If you’re approaching an annual general meeting (AGM) – either for a public company, private company or any other company, and are seeking clarity on its process and purpose, you’re in the right place. An annual general meeting is not just a formal requirement; A company's AGM is a forum for shareholder democracy and a cornerstone of its corporate accountability. This article strips away the complexity of an annual meeting, offering you a practical guide to the AGM from the legal necessities and an AGM agenda all the way to the strategies that encourage active shareholder participation.
Key Takeaways
- An annual general meeting (AGM) is a key event for shareholders to participate in critical decisions such as casting their vote on issues, electing directors, and approving financial statements, fostering transparency and accountability within the company.
- Organising an annual general meeting requires careful planning, including preparing financial statements, setting an agenda with a clear period of notice, and facilitating shareholder voting and participation through various means, such as proxy votes and electronic submissions.

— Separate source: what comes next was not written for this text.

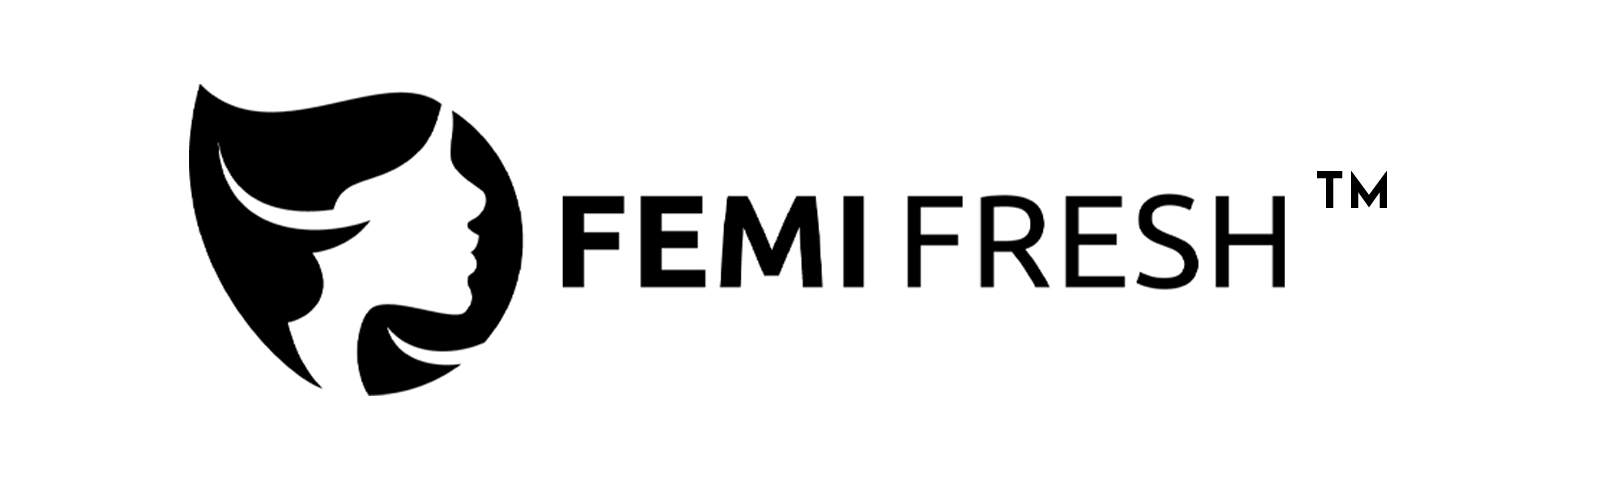 Logo-Black-3.png
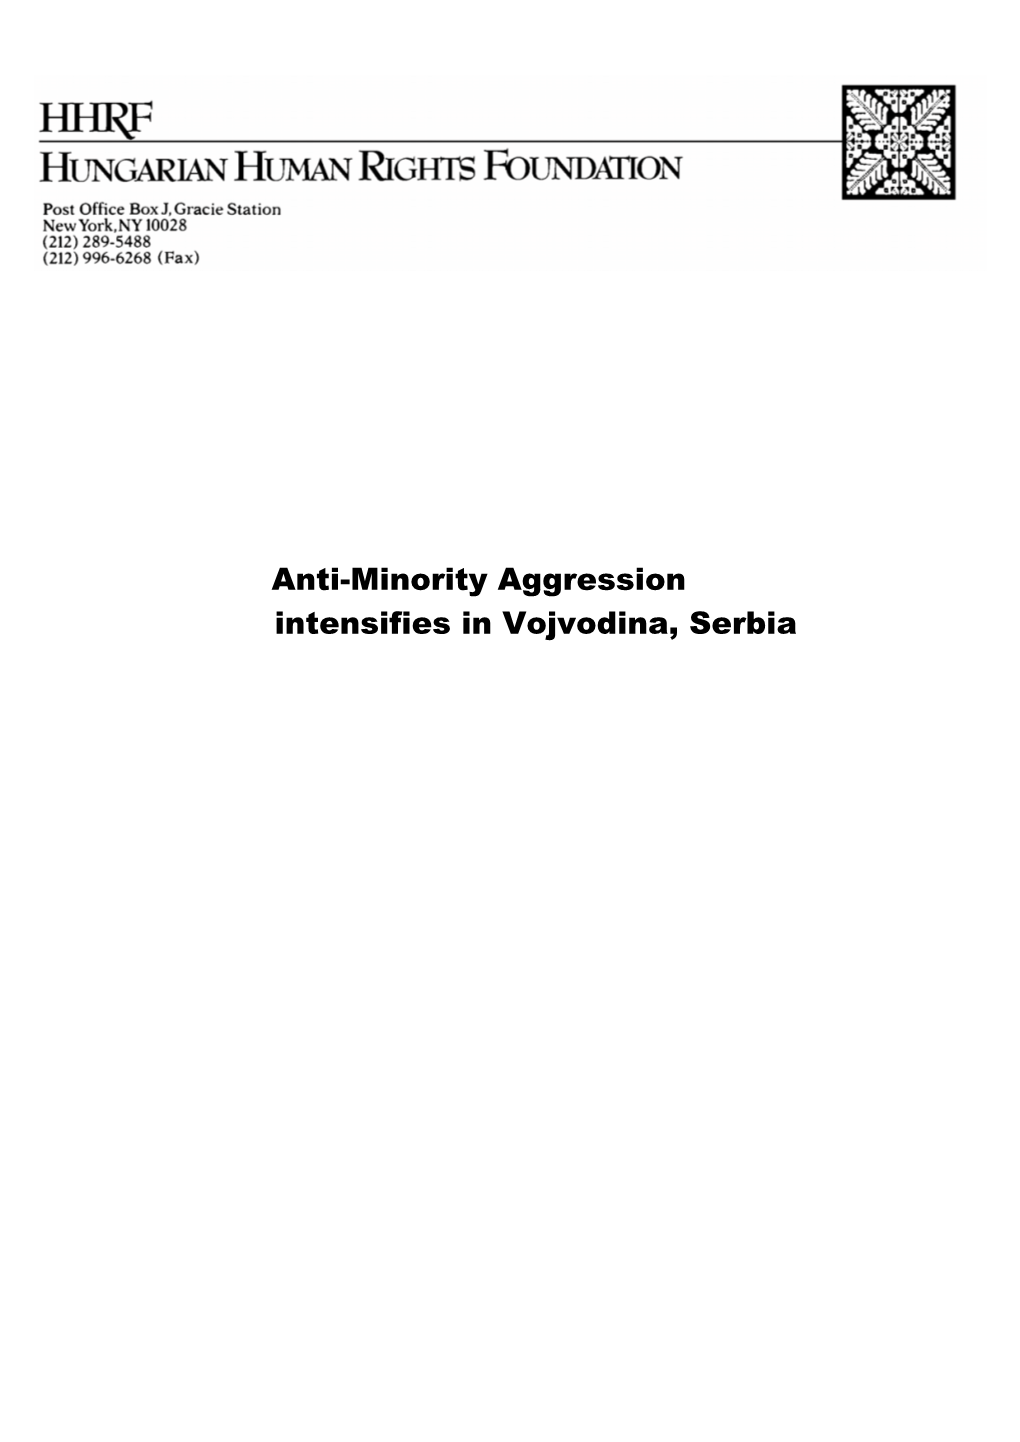 Anti-Minority Aggression Intensifies in Vojvodina, Serbia Anti-Minority Aggression Intensifies in Vojvodina, Serbia, During 2005

- The practices and requirements of an annual general meeting vary internationally and also from smaller to large companies. Some organisations, particularly private or single-member entities, also have the flexibility to opt out or adapt the format of the traditional annual general meeting. These trends reflect changes such as the rise of virtual and hybrid meetings.
What Is an Annual General Meeting (AGM)?
An annual general meeting (AGM), also known as an annual meeting, is a yearly gathering that brings together a company’s interested shareholders and all the members of its board. This meeting serves as a platform where directors present an annual report, allowing shareholders with voting rights to:
- Vote on current issues
- Discuss and make decisions on important matters
- Elect or re-elect directors
- Approve financial statements
- Approve the appointment of auditors
However, the significance of an annual general meeting extends past its legal compliance aspect, as seen in places like Hong Kong. Here, this annual meeting also serves as a vital tool for promoting transparency, engaging shareholders in decision-making, and holding the management responsible.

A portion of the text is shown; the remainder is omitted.